Step 1: Create thin gbuffer: by "thin" I suppose you mean either less things in the gbuffer, a lower DXGI format, or both? The current Gbuffer consists of Position, Normal, Diffuse Light, Specular Light, and Material type.
It's not "Diffuse light" and "Specular light", but material properties of a pixel.
On this stage you are writing to GBuffer properties for each pixel.
These MATERIAL properties will be used with Light-related data on step 2.
Step 2: Create intermediate lighting buffer, so include all lights there, and then have it read the necessary info from the thin Gbuffer?
I've done it via packed structured buffer.

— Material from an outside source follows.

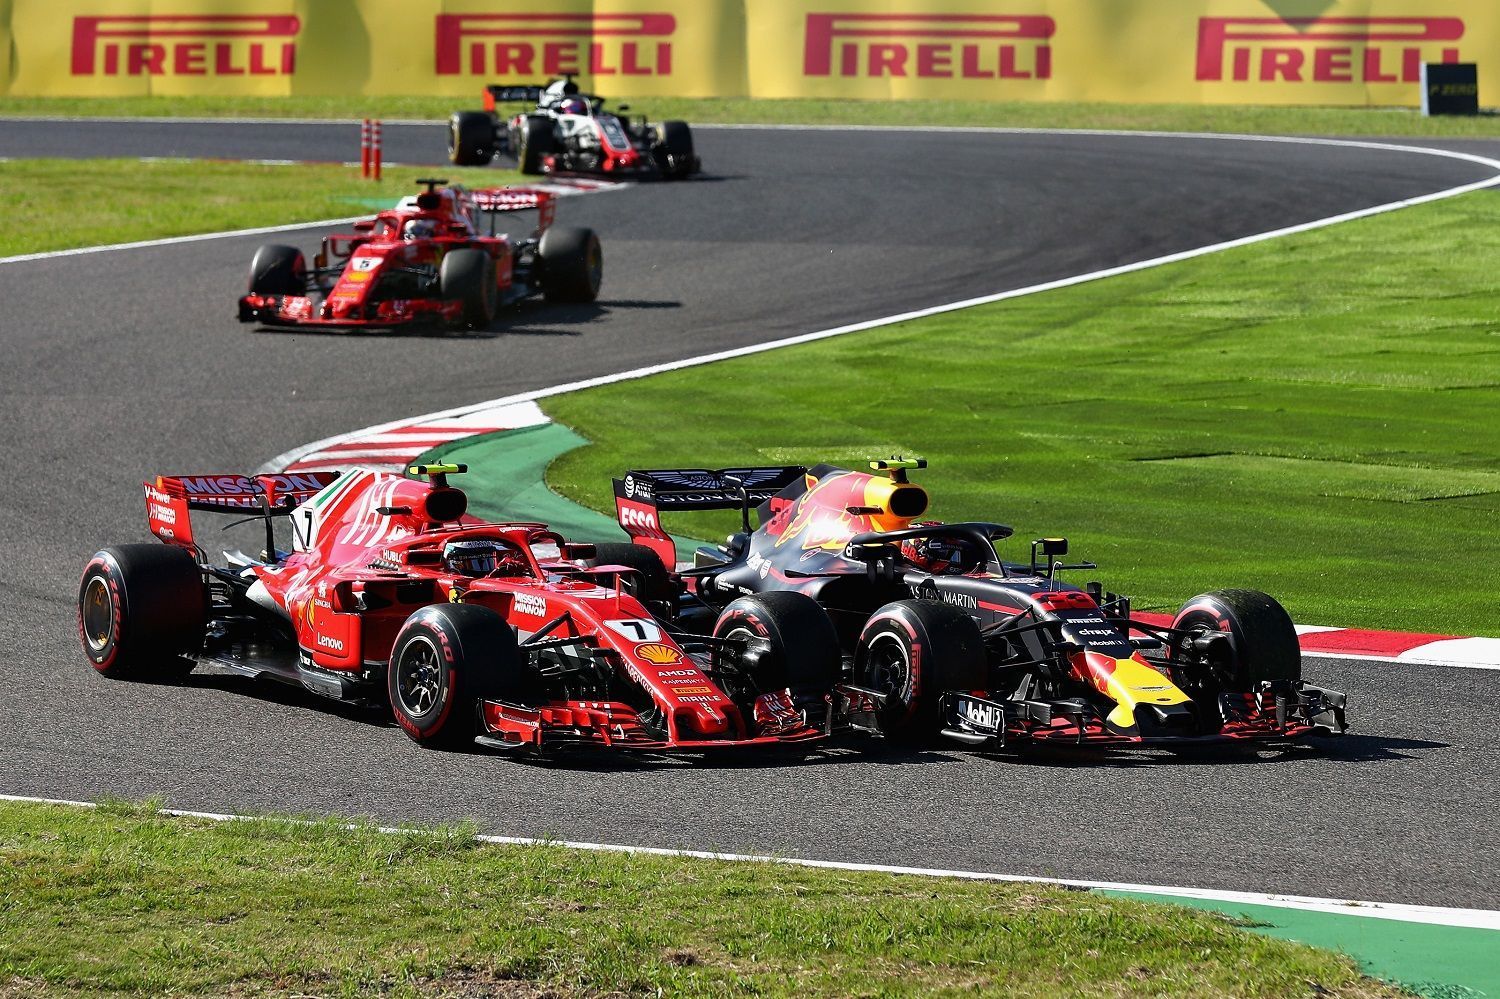 Kimi Raikkonen, Max Verstappen, Sebastian Vettel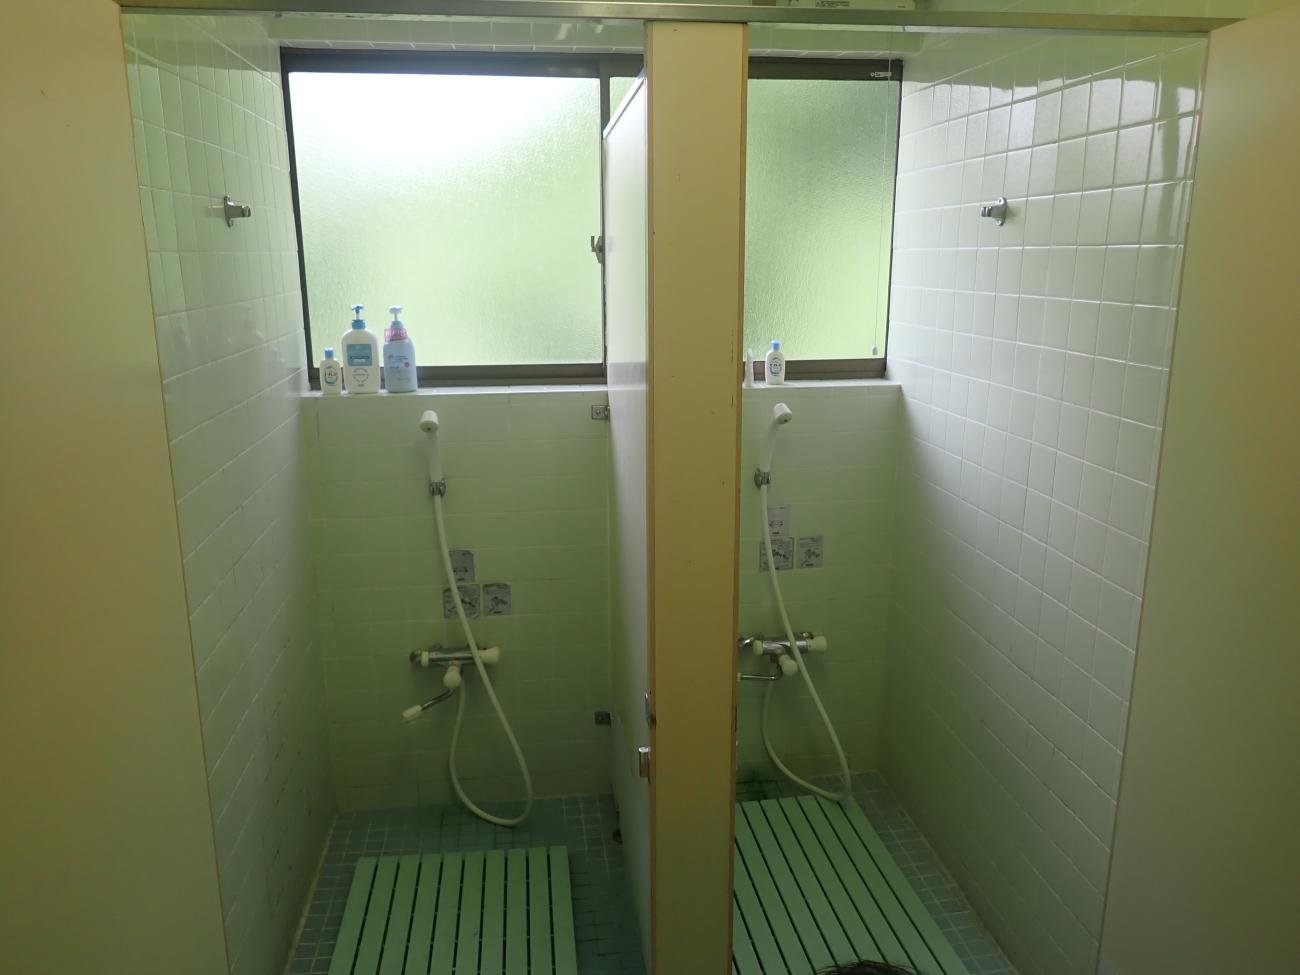 シャワー部屋が2つあり、窓枠にシャンプーやボディーソープが設置してある管理事務所内のコインシャワーの写真

Each type of light (direct, ambient, point, and spot) will be written to this kind of structure:
struct LightData
{
uint type; //All lights
float3 color; //All lights
float3 dirToLightVS; //Directional, Spot
float innerAngleCos; //Spot
float3 posVS; //Point, Spot
float outerAngleCos; //Spot
}; //48 bytes
StructuredBuffer<LightData> Lights;
The buffer will contain n elements (== light count + 1-last stub "LIGHT_NO" to break a loop).
The shader unpacks the data, calculate amount of light from each light source, and sum it with different light:
for (each pixel/sample)
{
for (uint i = 0; i < 102400; ++i) // i - index of Light in LightBuffer
{
if (lights[i].type == LIGHT_NO)
break; //No more lights
DiffSpec curr = (DiffSpec)0;
switch (lights[i].type)
{
//Sorted by occurrence
case LIGHT_POINT:
curr = CalcPoint(Lights[i], ...);
break;
case LIGHT_SPOT:
curr = CalcSpot(Lights[i], ...);
break;
case LIGHT_DIRECTIONAL:
curr = CalcDirectional(Lights[i], ...);
break;
case LIGHT_AMBIENT:
curr = CalcAmbient(Lights[i], ...);
break;
case LIGHT_SHADOW_PRIM:
curr = CalcDirectional(Lights[i], ...);
break;
}
totalLight += curr;
}